Negulescu oversaw the initiative to screen molecules for their effects on ion transport while he was also at Aurora and then Vertex. His group searched for “correctors” to help move the tubes into the proper location in the cell membrane and “potentiators” to increase the flow of ions. Several CF medication iterations were approved as a result of this effort in 2012, 2015, and 2018, and Trikafta was finally approved in 2019.
González recalled, “It was really exciting because it became very real when they started getting data back from the earliest human trials of their first-generation drug.”. It’s like, “Wow, this isn’t just theory; patients are actually benefiting from it.”. “.”.

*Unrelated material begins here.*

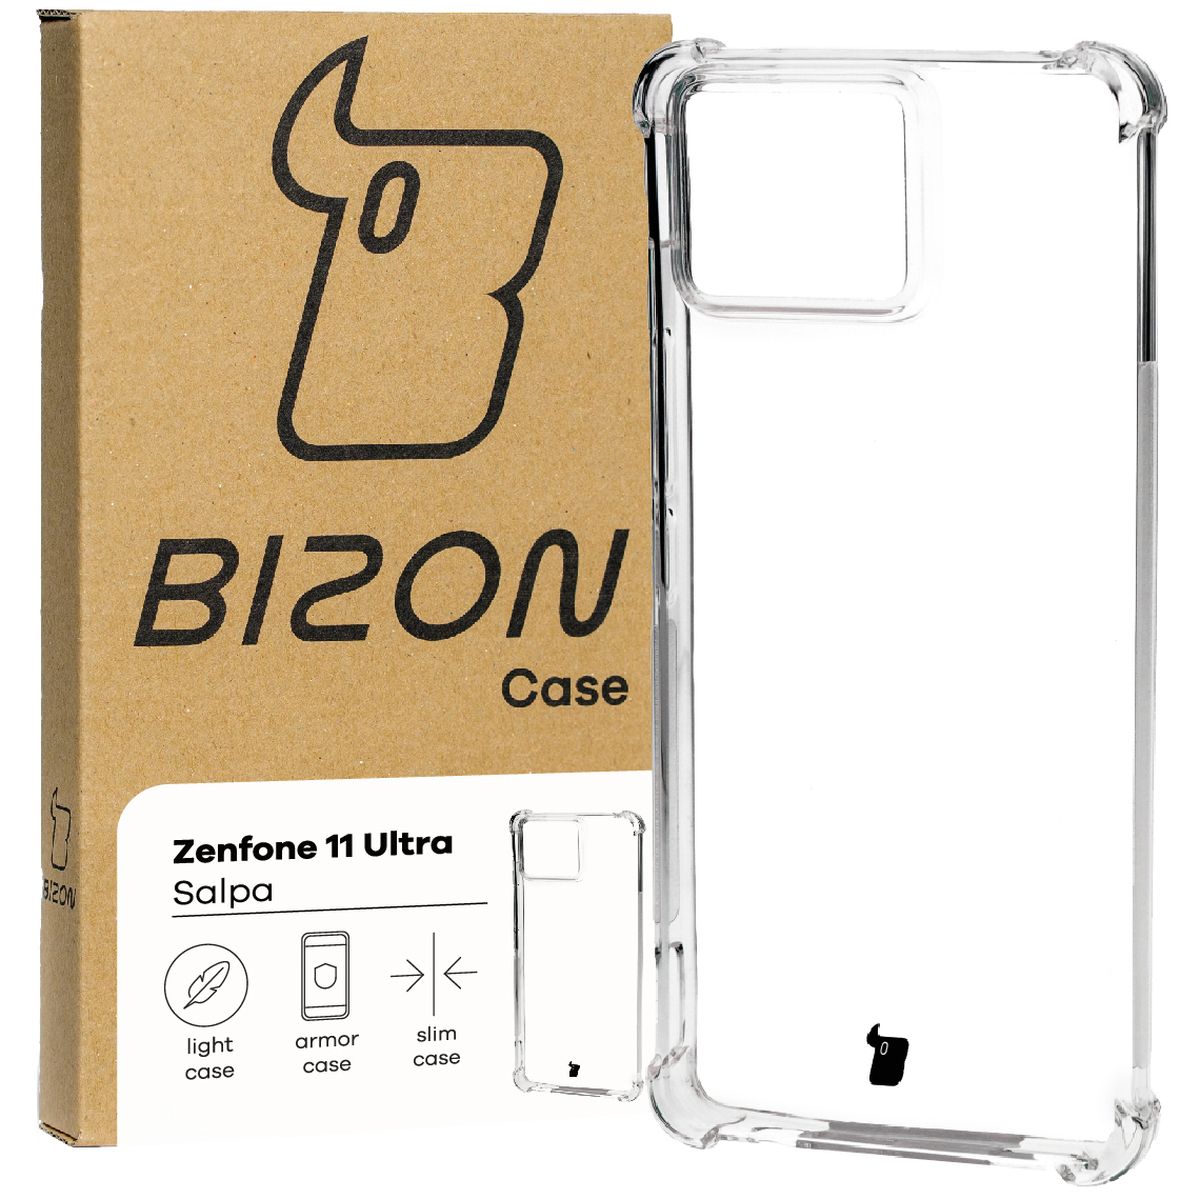 Schutzhülle für Asus Zenfone 11 Ultra, Bizon Case Salpa, Transparent

Most CF patients can be effectively treated with Trikafta, a combination of three medications. According to a Lasker Awards statement, its use has improved patients’ quality of life and decreased the number of lung transplants and hospitalizations for infection among those with the disease.
The statement claims that “people with CF are being given the opportunity to flourish now and to plan vibrant futures thanks to the accomplishments of Welsh, González, and Negulescu.”.
This year, two more Lasker Awards were given out: one for exceptional accomplishments in medical science and another for basic research.
The former award was given to Steven McKnight of the University of Texas Southwestern Medical Center and Dirk Görlich of the Max Planck Institute for Multidisciplinary Sciences in Germany. Low-complexity domains, which are intricate portions of protein sequences, have been shown to play important roles in how cells arrange their internal organs. These two researchers also investigated how this arrangement malfunctions in disease.